• **RECORDED DATA**:
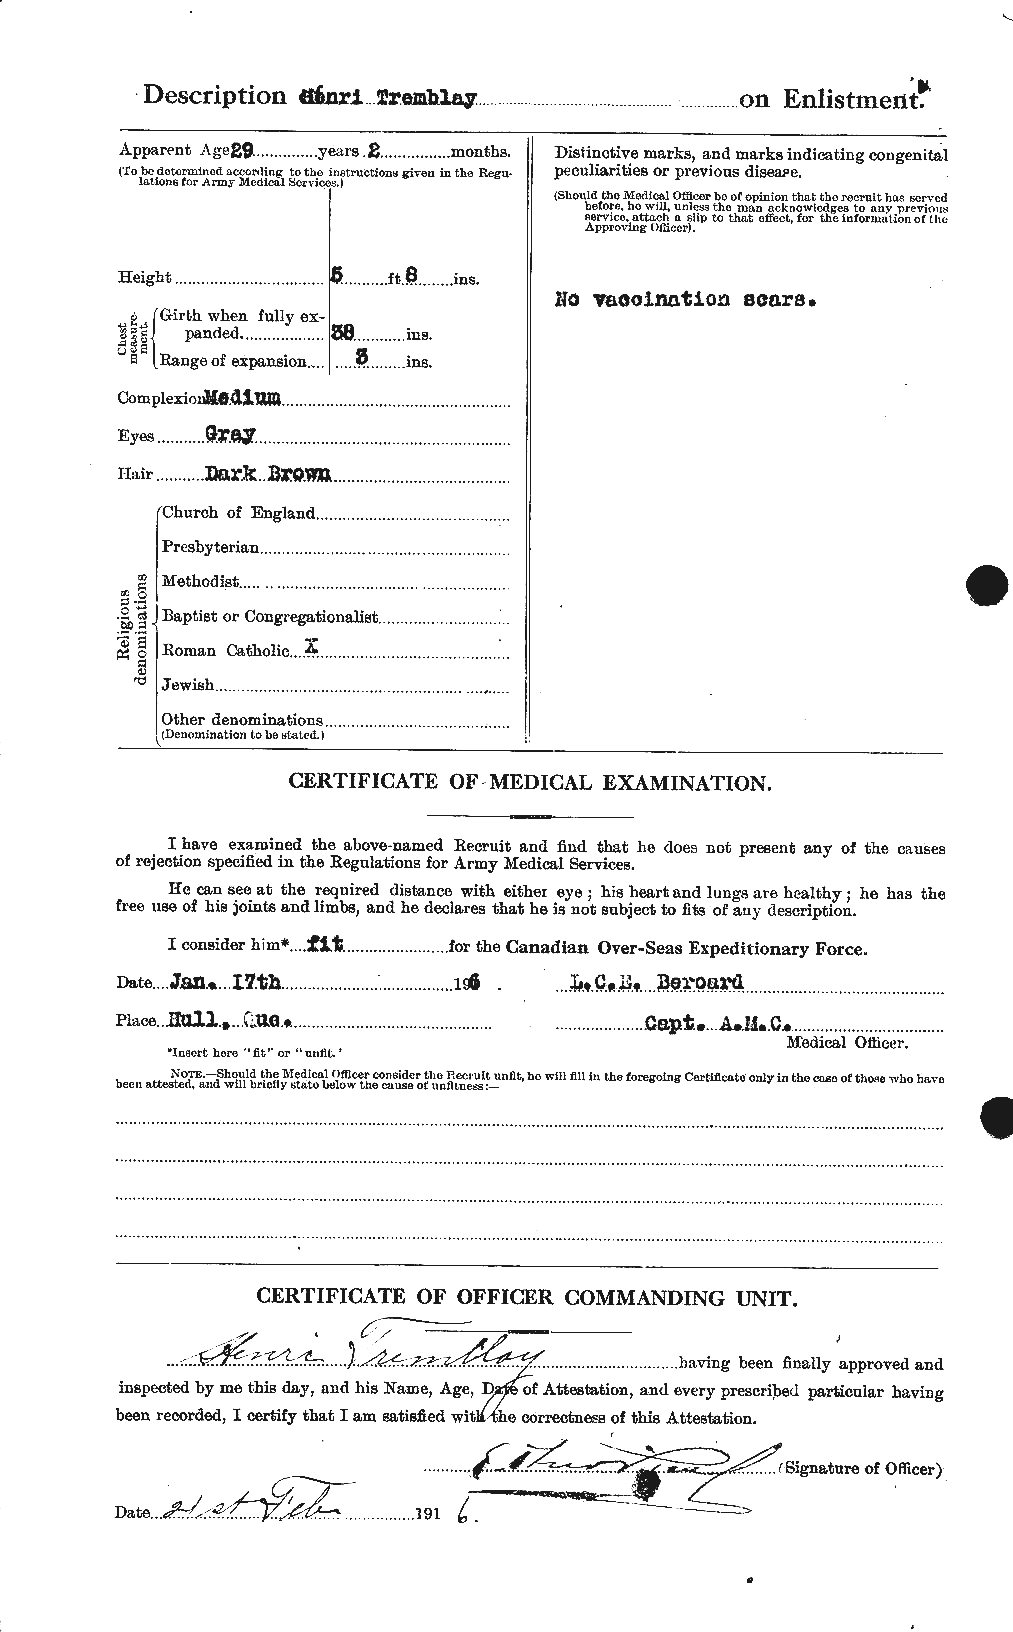 Dossiers du Personnel de la Première Guerre mondiale - CEC 639081b
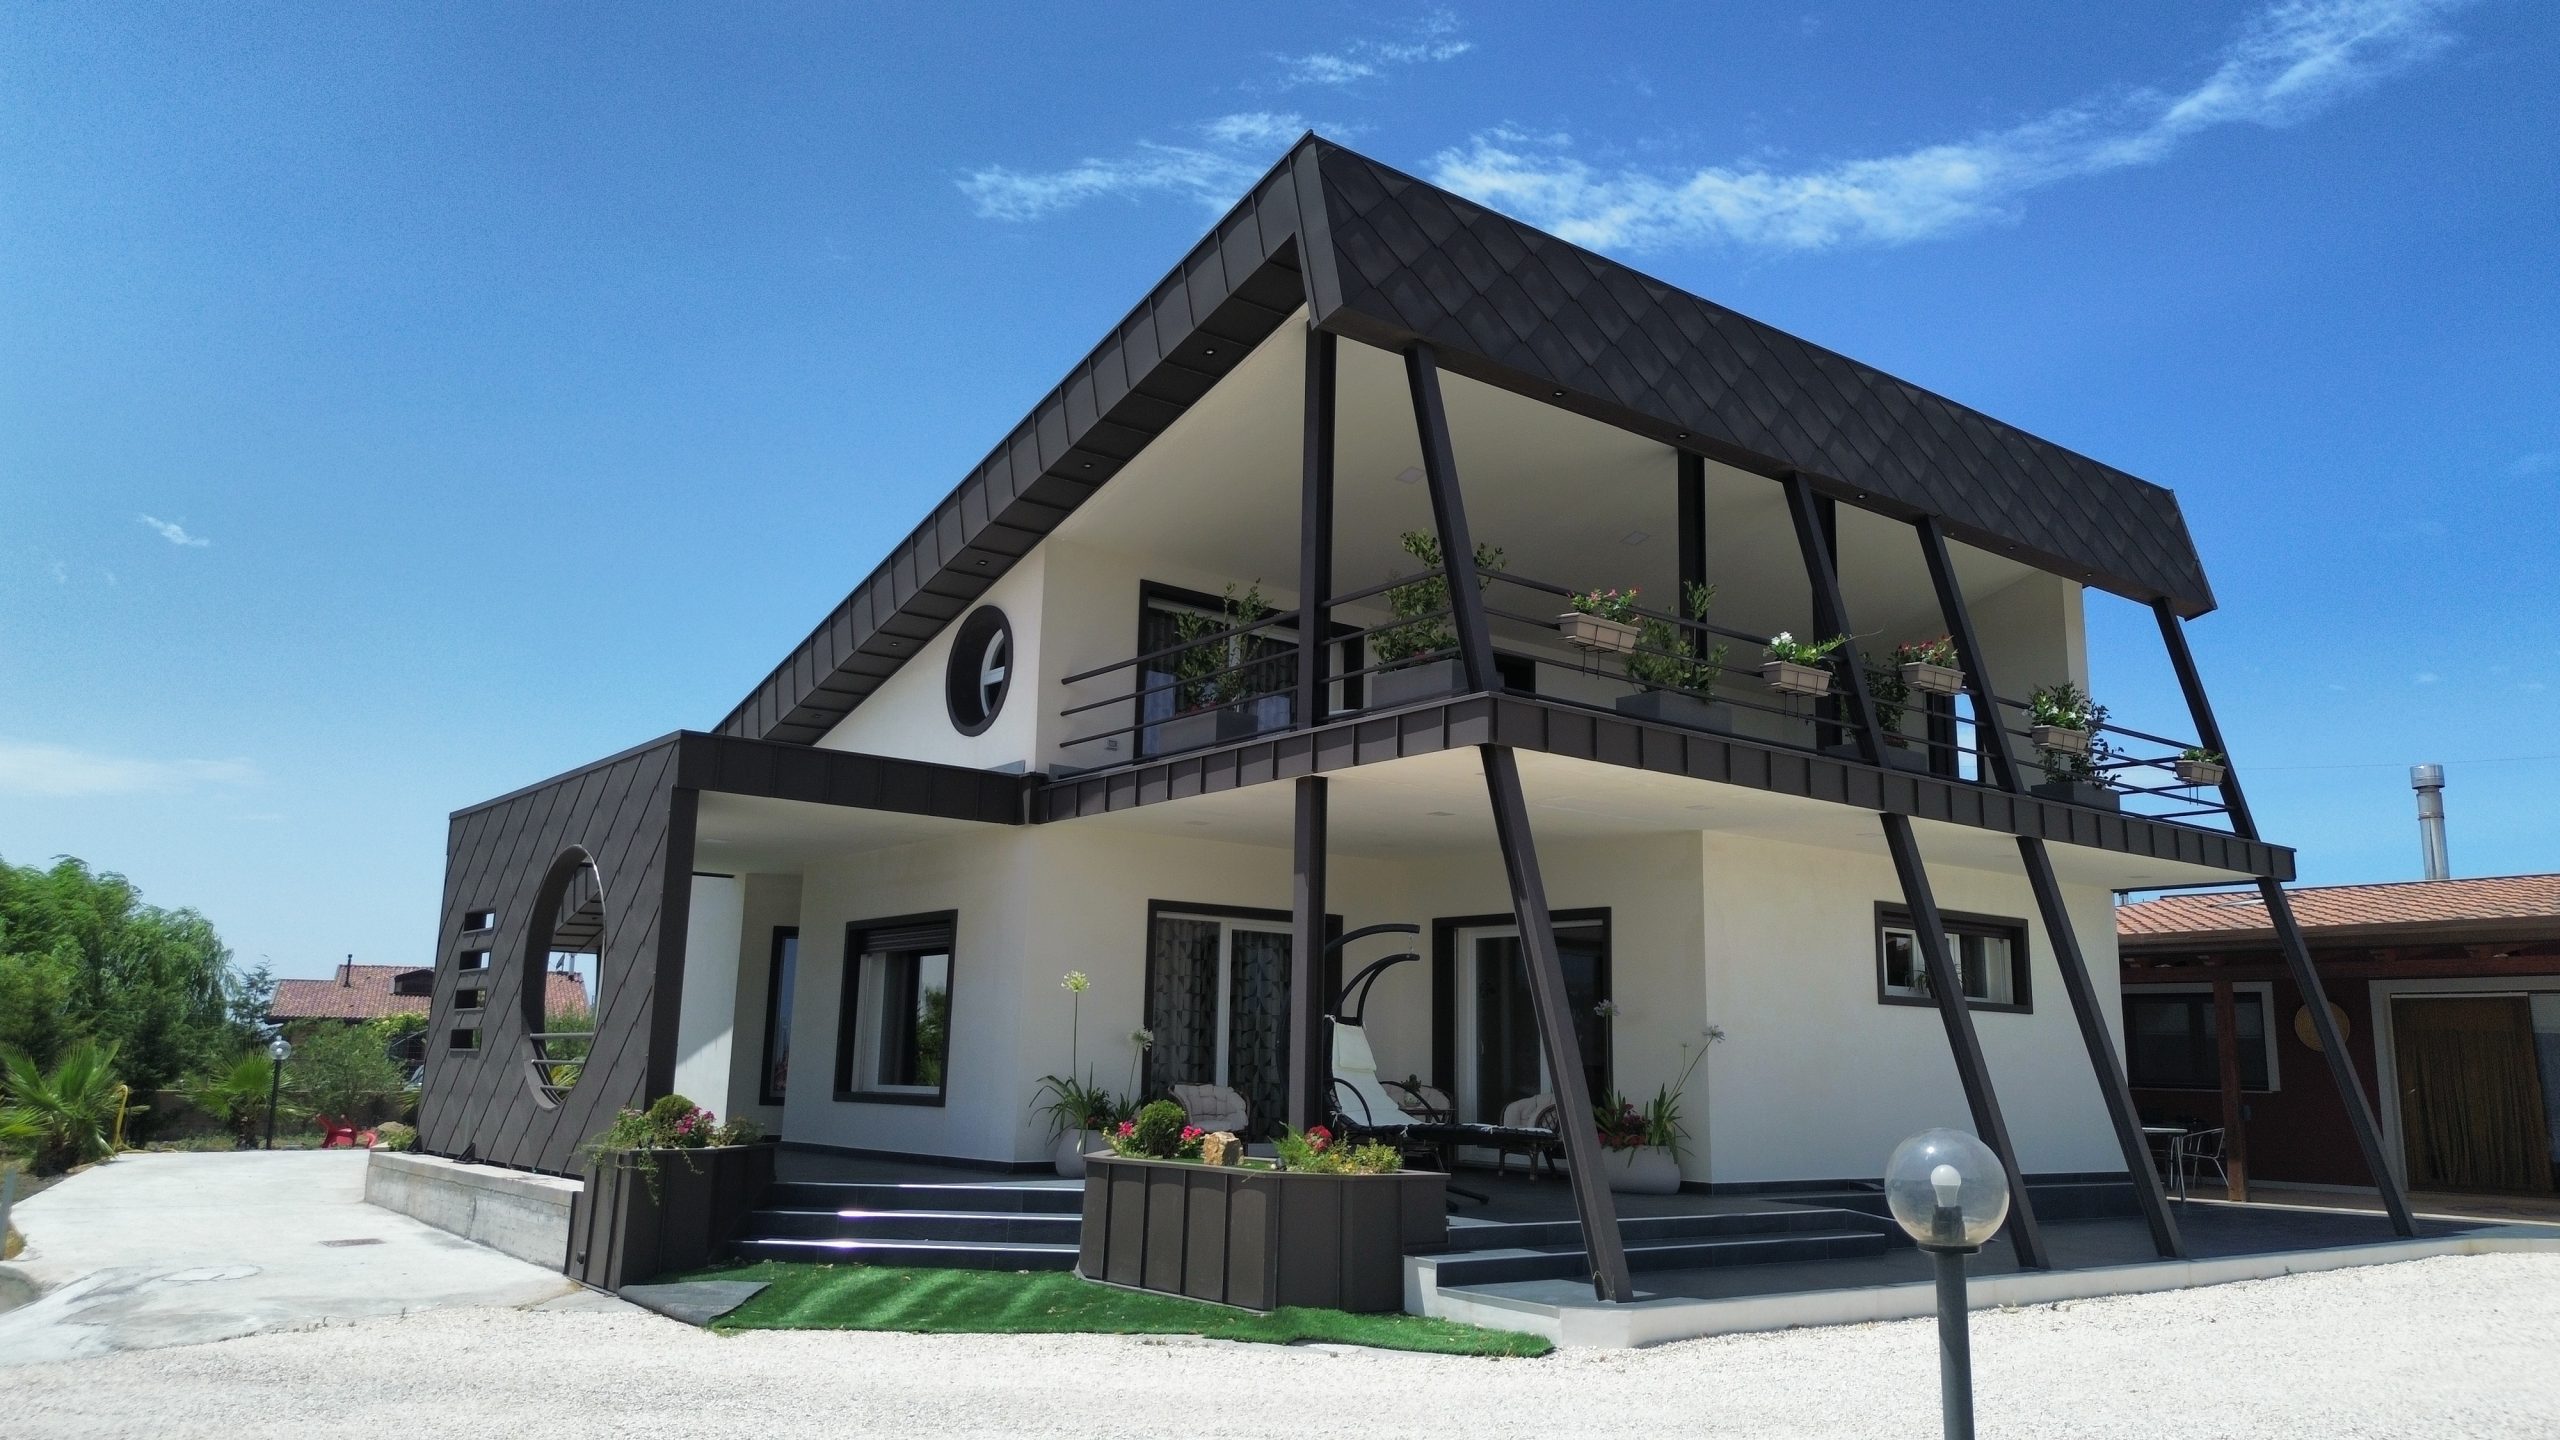 Efficienza energetica ed eleganza architettonica: un edificio NZEB dialoga con il paesaggio naturale del Parco
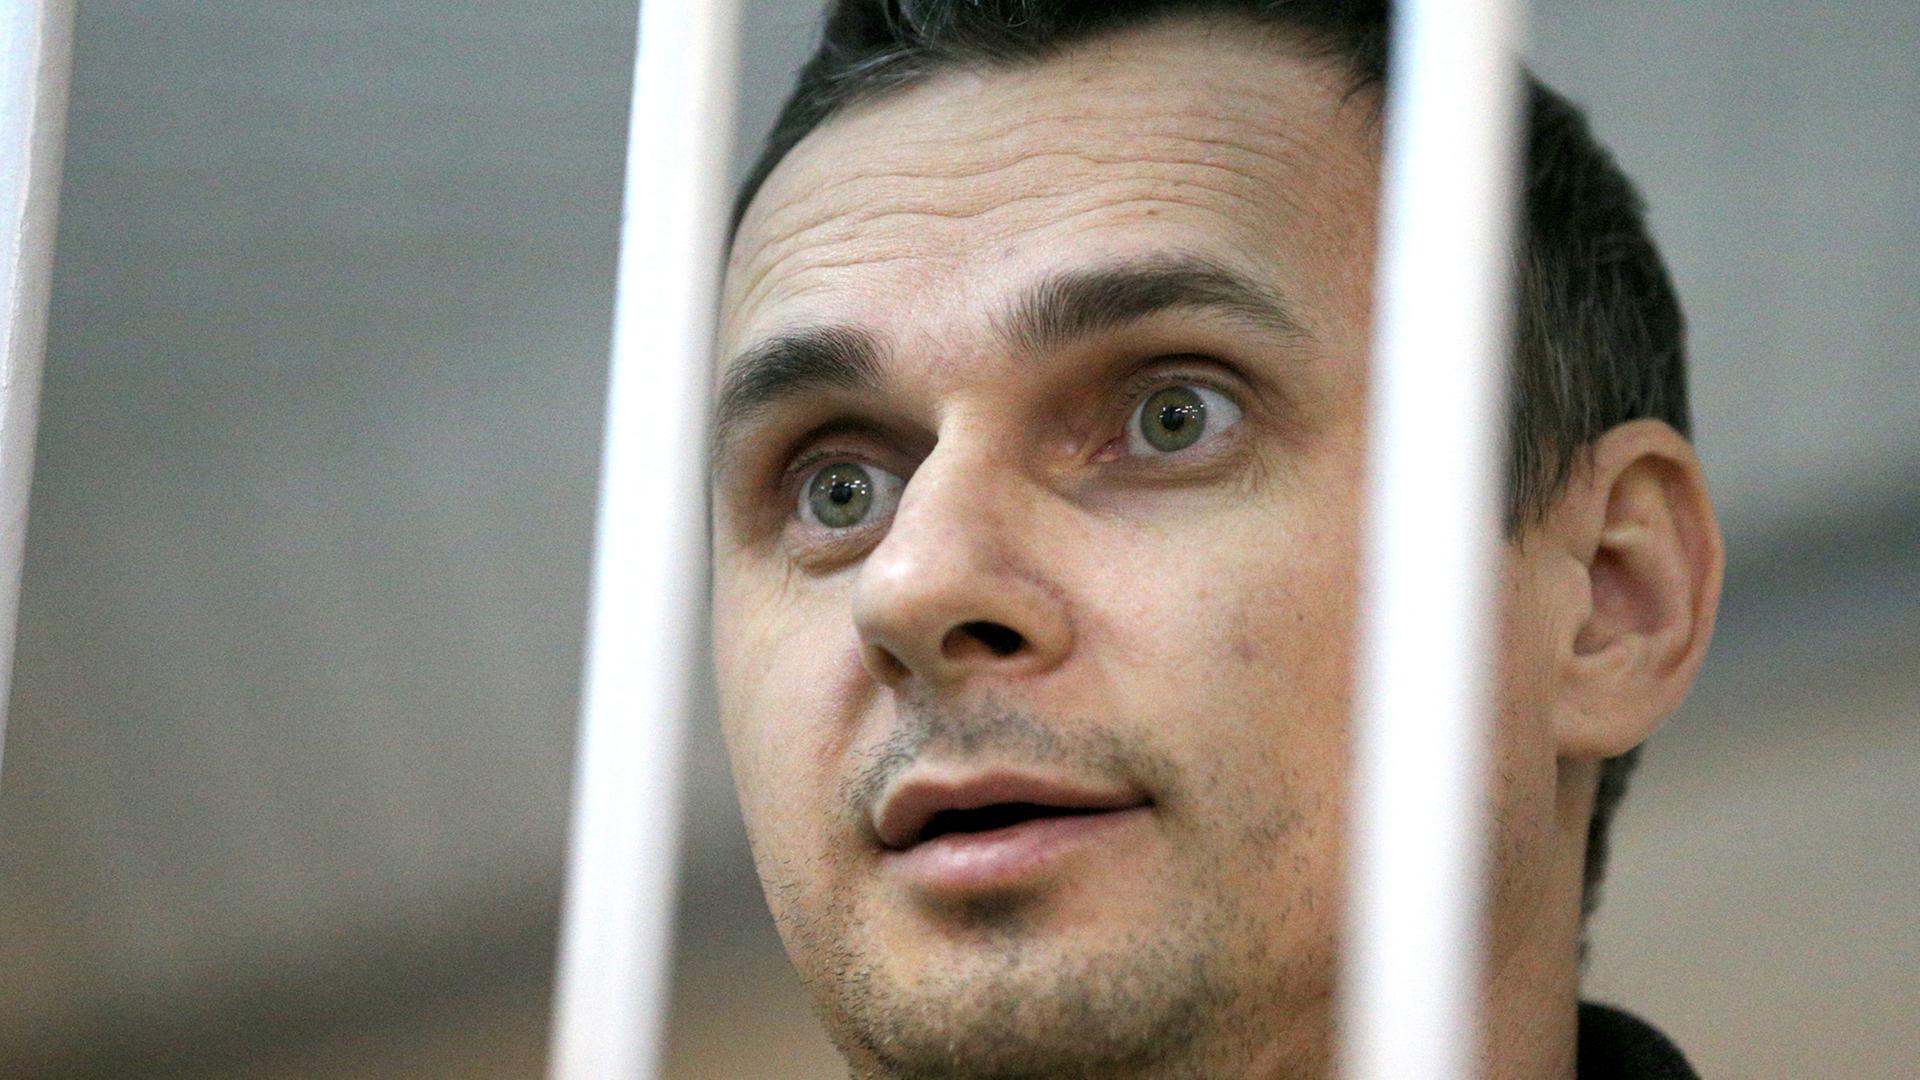 Der ukrainische Kinoregisseur Oleg Senzow bei einer gerichtlichen Anhörung im Dezember 2014 in Moskau in einem Käfig
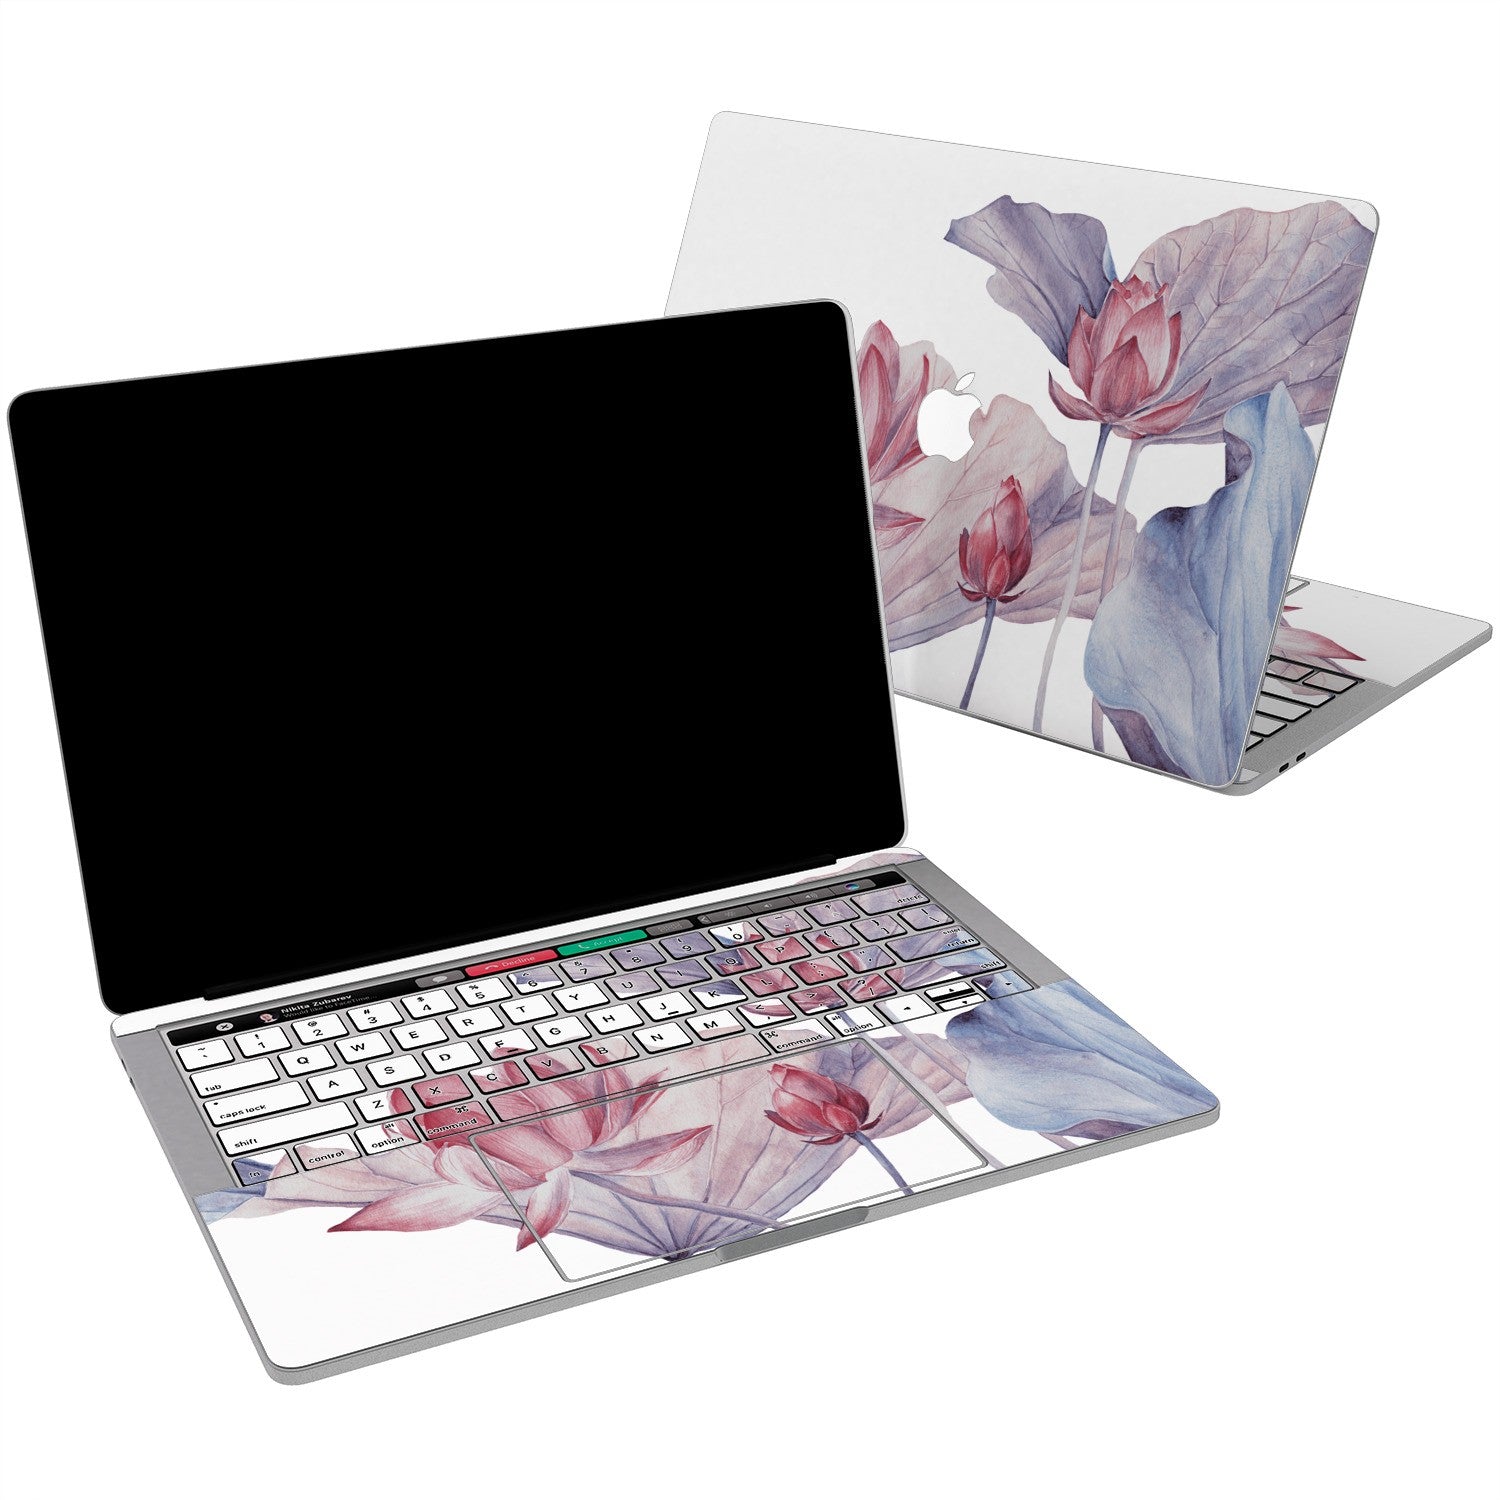 Lex Altern Vinyl MacBook Skin Tender Pink Lotuses for your Laptop Apple Macbook.

• **PROBLEM TO SOLVE**: Pictures aside, reproduce all of the material above without alteration.

• **YOUR RESPONSE**:
 Dossiers du Personnel de la Première Guerre mondiale - CEC 639081b
 Efficienza energetica ed eleganza architettonica: un edificio NZEB dialoga con il paesaggio naturale del Parco
 Der ukrainische Kinoregisseur Oleg Senzow bei einer gerichtlichen Anhörung im Dezember 2014 in Moskau in einem Käfig
 Lex Altern Vinyl MacBook Skin Tender Pink Lotuses for your Laptop Apple Macbook.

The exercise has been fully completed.